У подножия возвышения Пророка встречали двое из высших священнослужителей – Гамуэль и Орис. Волосы Орис были собраны в пучок на затылке, и, хотя с виду она годилась Пророку в бабки, округлое лицо ее сияло нескрываемой пылкой любовью. Пророк ясно видел: некогда это лицо вполне могло соперничать красою черт с лицом любой из юных хористок, но как и в их случае, никакого интереса к жрице он не питал сейчас и не питал бы прежде. Мужская краса наподобие той, какой отличался могучий Гамуэль, его, разумеется, тоже нимало не привлекала. Нет, нет, пробудить его страсть удавалось лишь одному живому созданию, лишь одной особи… одной особи, ныне ему ненавистной.

– Захватывающе, великолепно, как и всегда, – проворковала Орис.

Несмотря на манеру держаться при нем, жрица была одной из самых толковых его служителей. Кроме того, ее восхищение Пророком вряд ли заслуживало порицания: ведь она всего-навсего смертная, тогда как он – нечто гораздо, гораздо большее.

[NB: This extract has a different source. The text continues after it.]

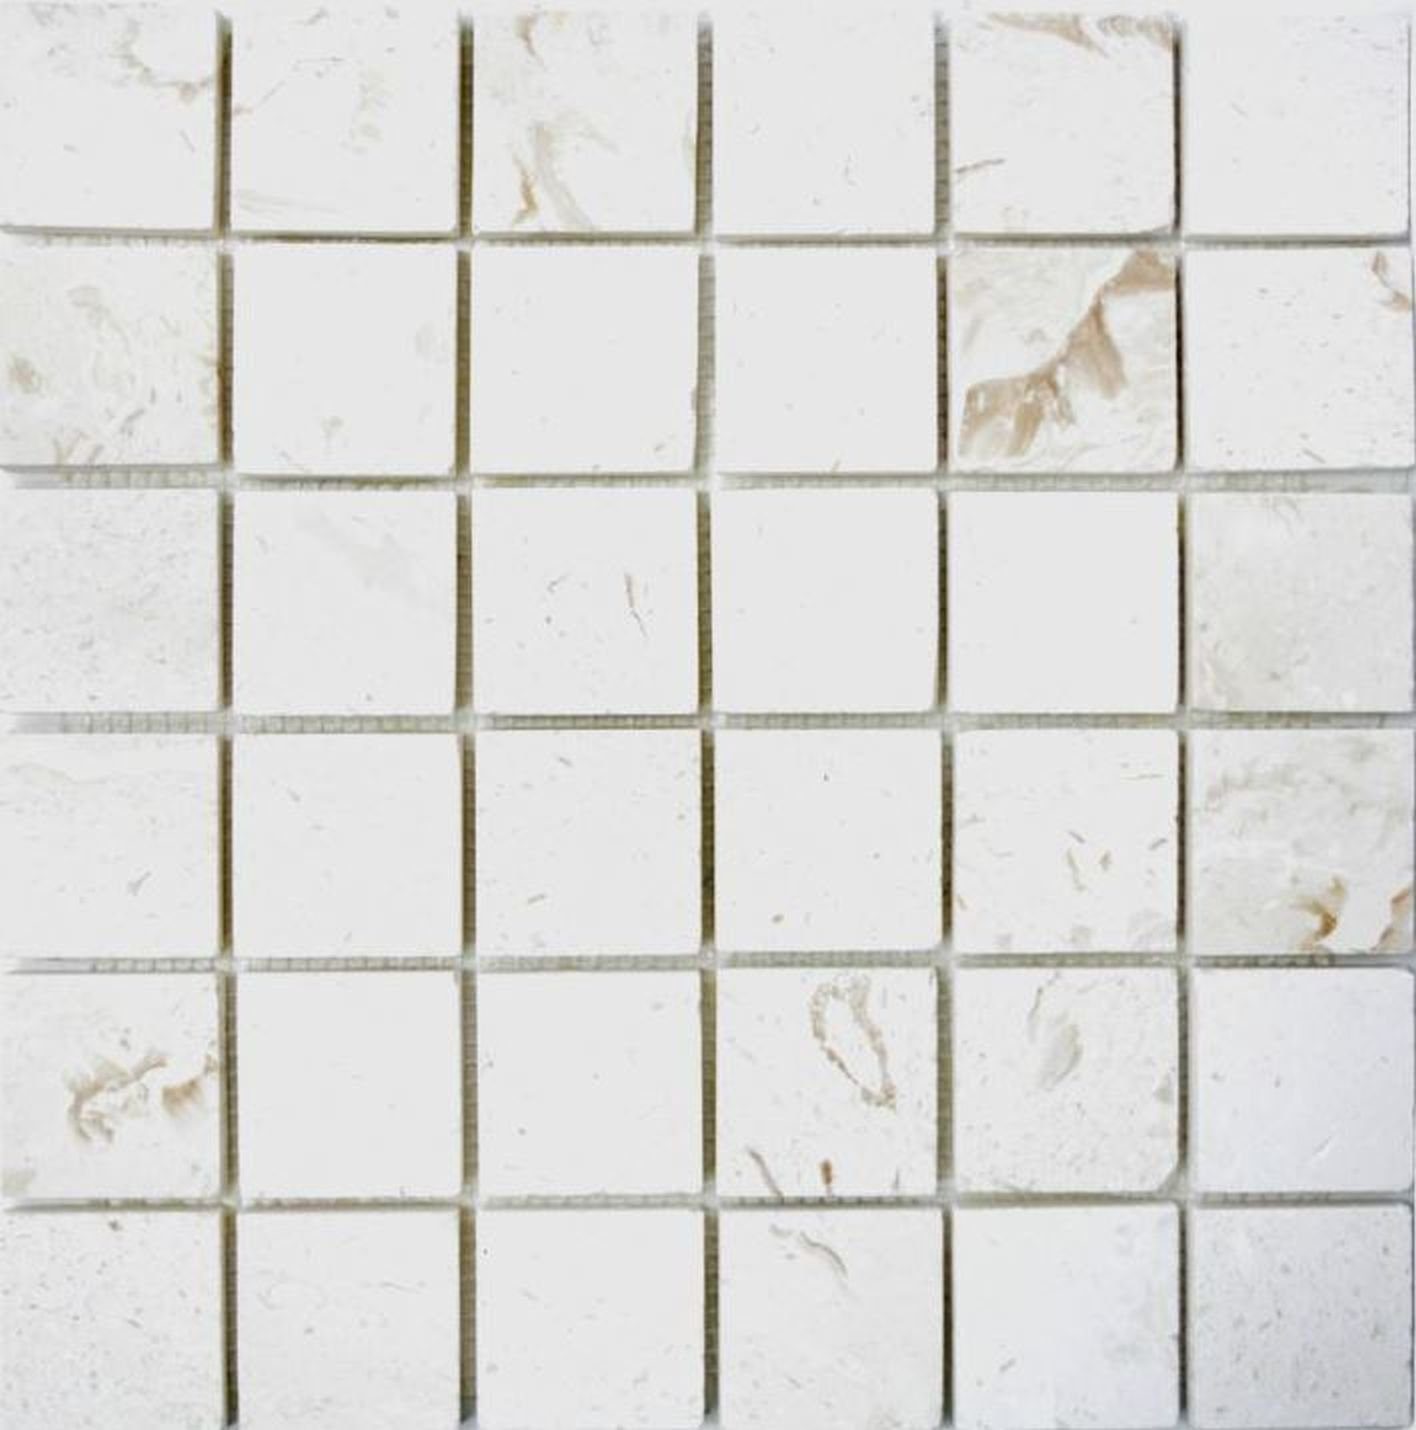 Mosani Mosaikfliesen Kalkstein Mosaik Naturstein Boden Wand Medio weiß gelbweiß

– Сколь ни ужасно, сколь ни излишне повторять ее похвалы, о великий, боюсь, я вынужден вновь с ней согласиться! – с низким поклоном добавил Гамуэль.

Некогда – воин, он в полтора раза превосходил господина шириной плеч, однако всякий с первого взгляда понял бы, кто из двоих сильнее. Высокого положения Гамуэль был удостоен за то, что сей смертный, пусть в самой отдаленной манере, более всех остальных напоминал истинную сущность, истинное «я» Пророка.

– В самом деле, получилось неплохо, – признал их господин.

По меркам жрецов каждая его речь являла собою само совершенство, но сейчас даже он вынужден был признать: сегодняшняя проповедь удалась ему чуточку лучше большинства прежних. Возможно, причиной тому послужили недавние перемены: привычное положение дел вдруг изменилось до неузнаваемости. Сказать откровенно, это и приводило в ярость… и в то же время прельщало, ввергало в соблазн.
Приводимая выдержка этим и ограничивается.